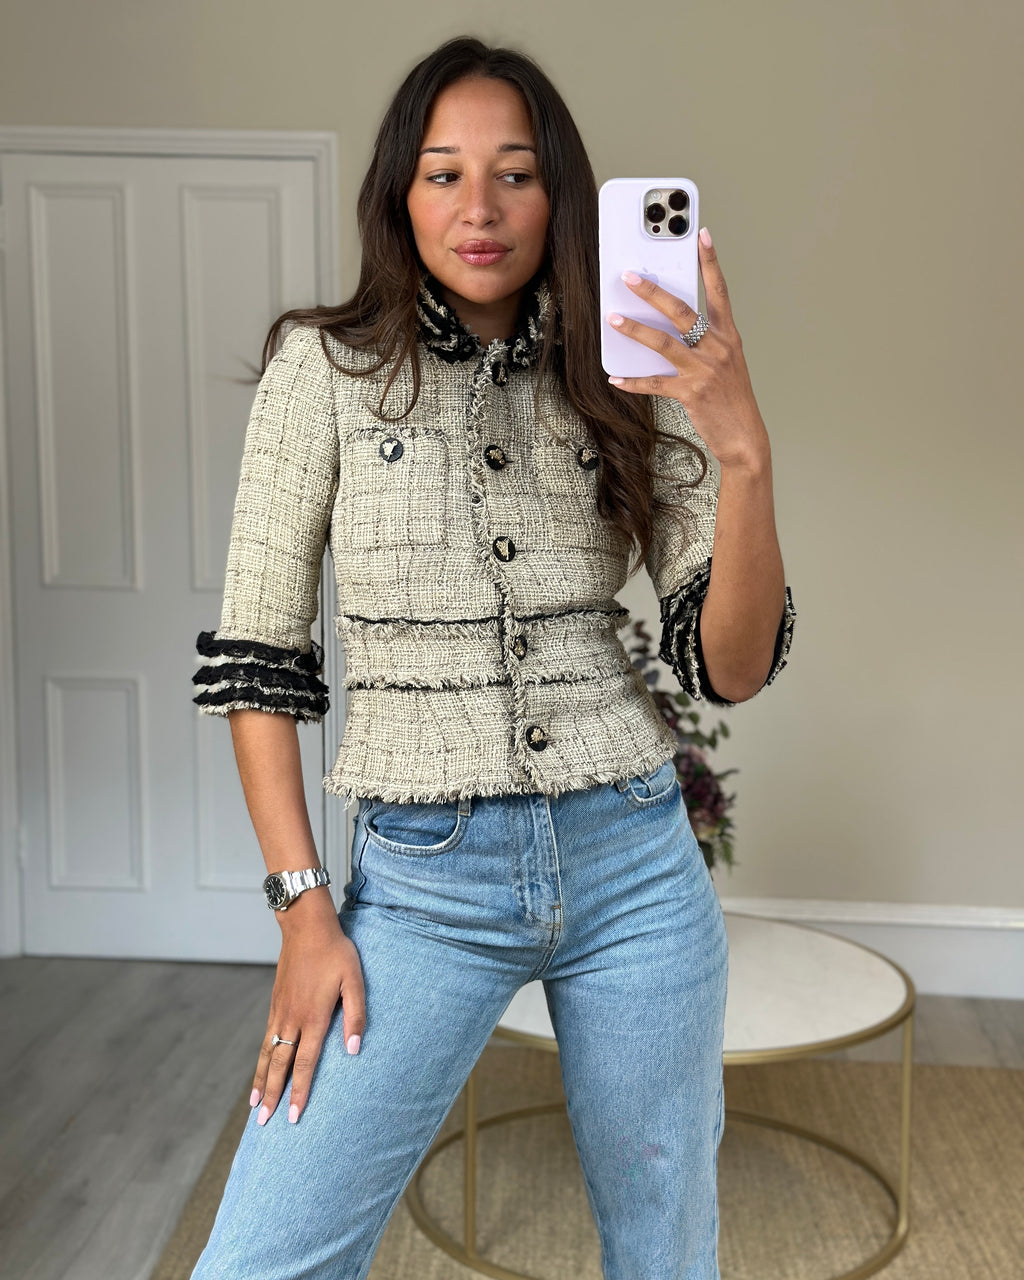 The Chic Jacket French Girl Closet Staples  wit  whimsy
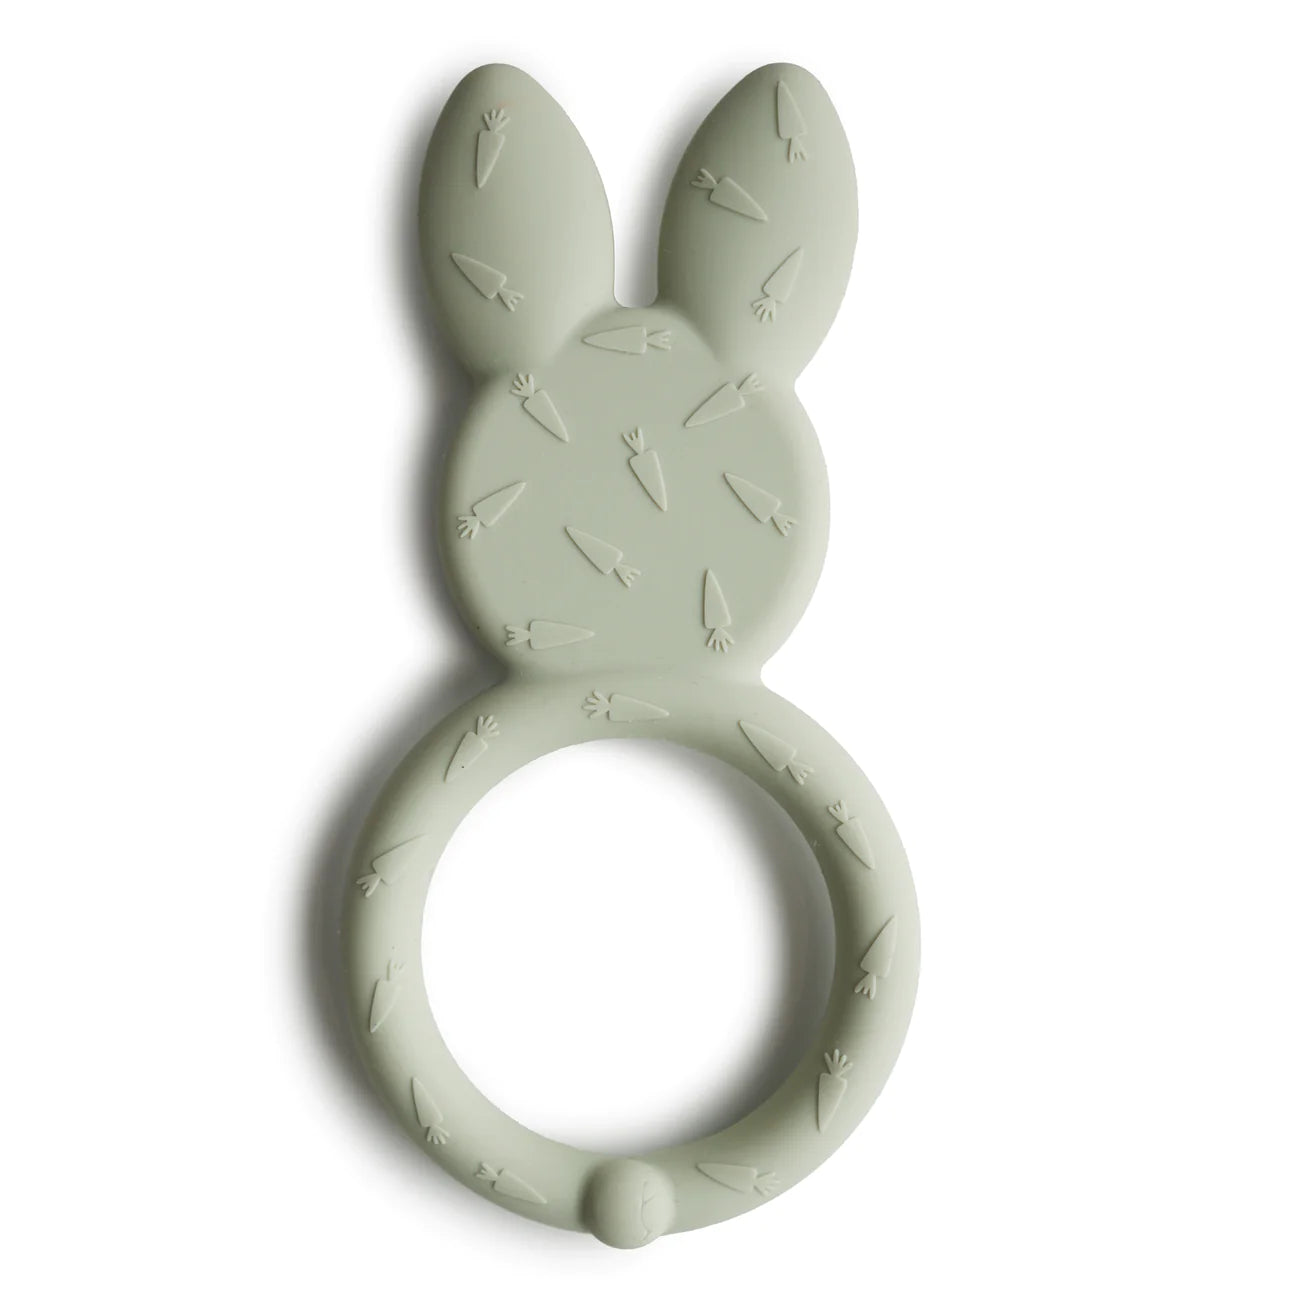 Bunny Teether | Food-Grade Silicone | Safe Teething Toy
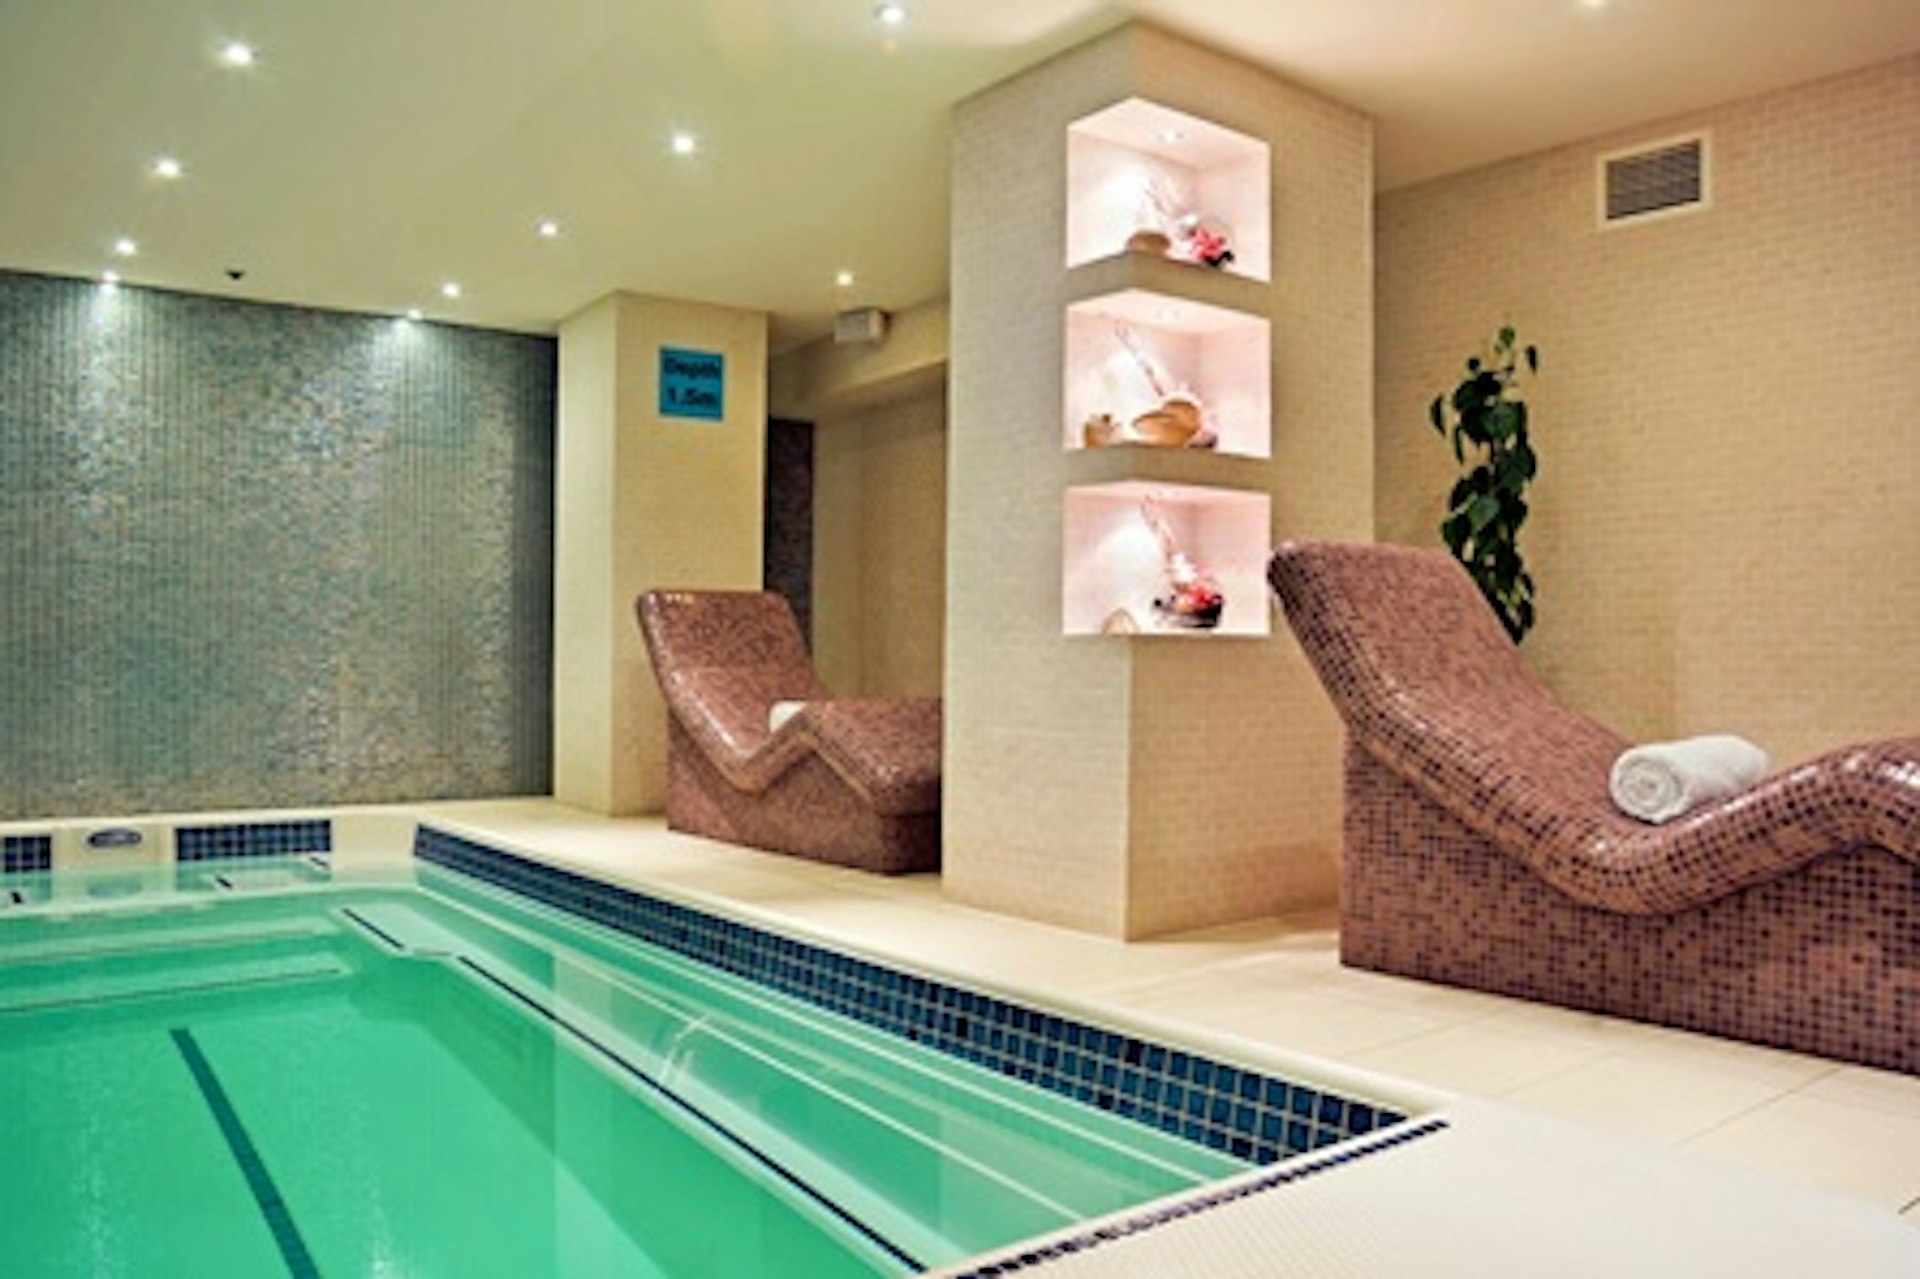 Weekday Spa Relaxation with Treatment and Prosecco for Two at the 5* Montcalm Hotel, London 3
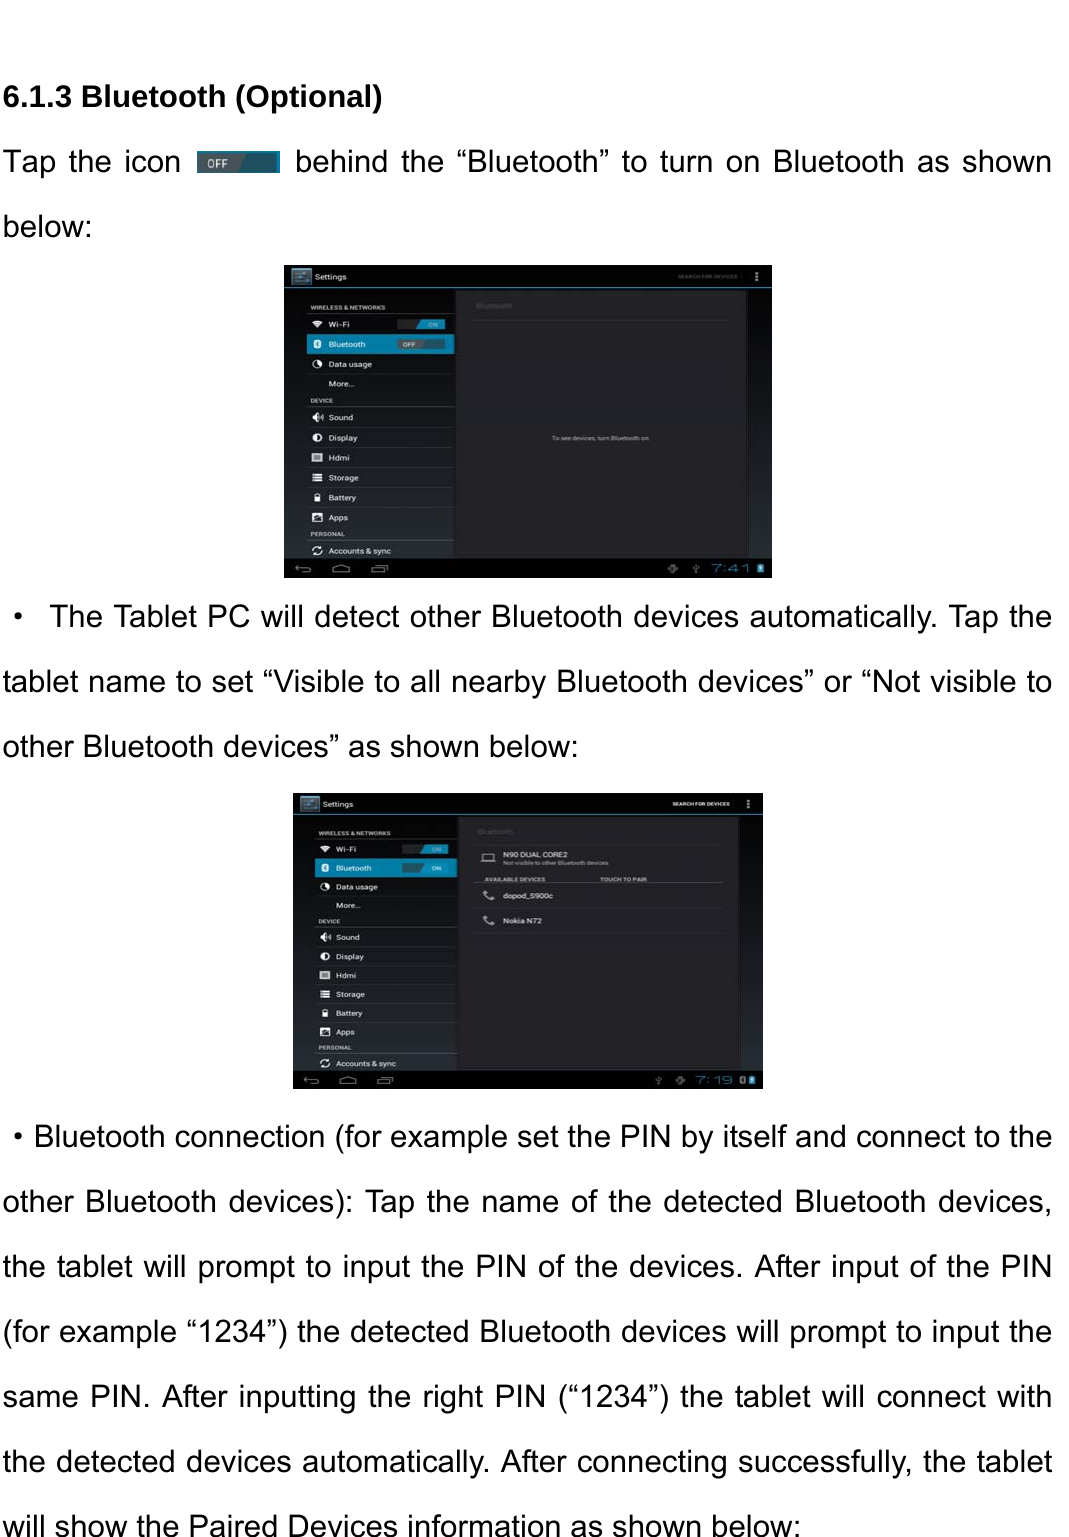    6.1.3 Bluetooth (Optional) Tap the icon   behind the “Bluetooth” to turn on Bluetooth as shown below:  ·  The Tablet PC will detect other Bluetooth devices automatically. Tap the tablet name to set “Visible to all nearby Bluetooth devices” or “Not visible to other Bluetooth devices” as shown below:    ·Bluetooth connection (for example set the PIN by itself and connect to the other Bluetooth devices): Tap the name of the detected Bluetooth devices, the tablet will prompt to input the PIN of the devices. After input of the PIN (for example “1234”) the detected Bluetooth devices will prompt to input the same PIN. After inputting the right PIN (“1234”) the tablet will connect with the detected devices automatically. After connecting successfully, the tablet will show the Paired Devices information as shown below:

● TASK PROMPT
With the images removed, reproduce all the material above word for word.

● EXPECTED OUTPUT
 The Chic Jacket French Girl Closet Staples  wit  whimsy
 Bunny Teether | Food-Grade Silicone | Safe Teething Toy
 Weekday Spa Relaxation with Treatment and Prosecco for Two at the 5* Montcalm Hotel, London 3
    6.1.3 Bluetooth (Optional) Tap the icon   behind the “Bluetooth” to turn on Bluetooth as shown below:  ·  The Tablet PC will detect other Bluetooth devices automatically. Tap the tablet name to set “Visible to all nearby Bluetooth devices” or “Not visible to other Bluetooth devices” as shown below:    ·Bluetooth connection (for example set the PIN by itself and connect to the other Bluetooth devices): Tap the name of the detected Bluetooth devices, the tablet will prompt to input the PIN of the devices. After input of the PIN (for example “1234”) the detected Bluetooth devices will prompt to input the same PIN. After inputting the right PIN (“1234”) the tablet will connect with the detected devices automatically. After connecting successfully, the tablet will show the Paired Devices information as shown below:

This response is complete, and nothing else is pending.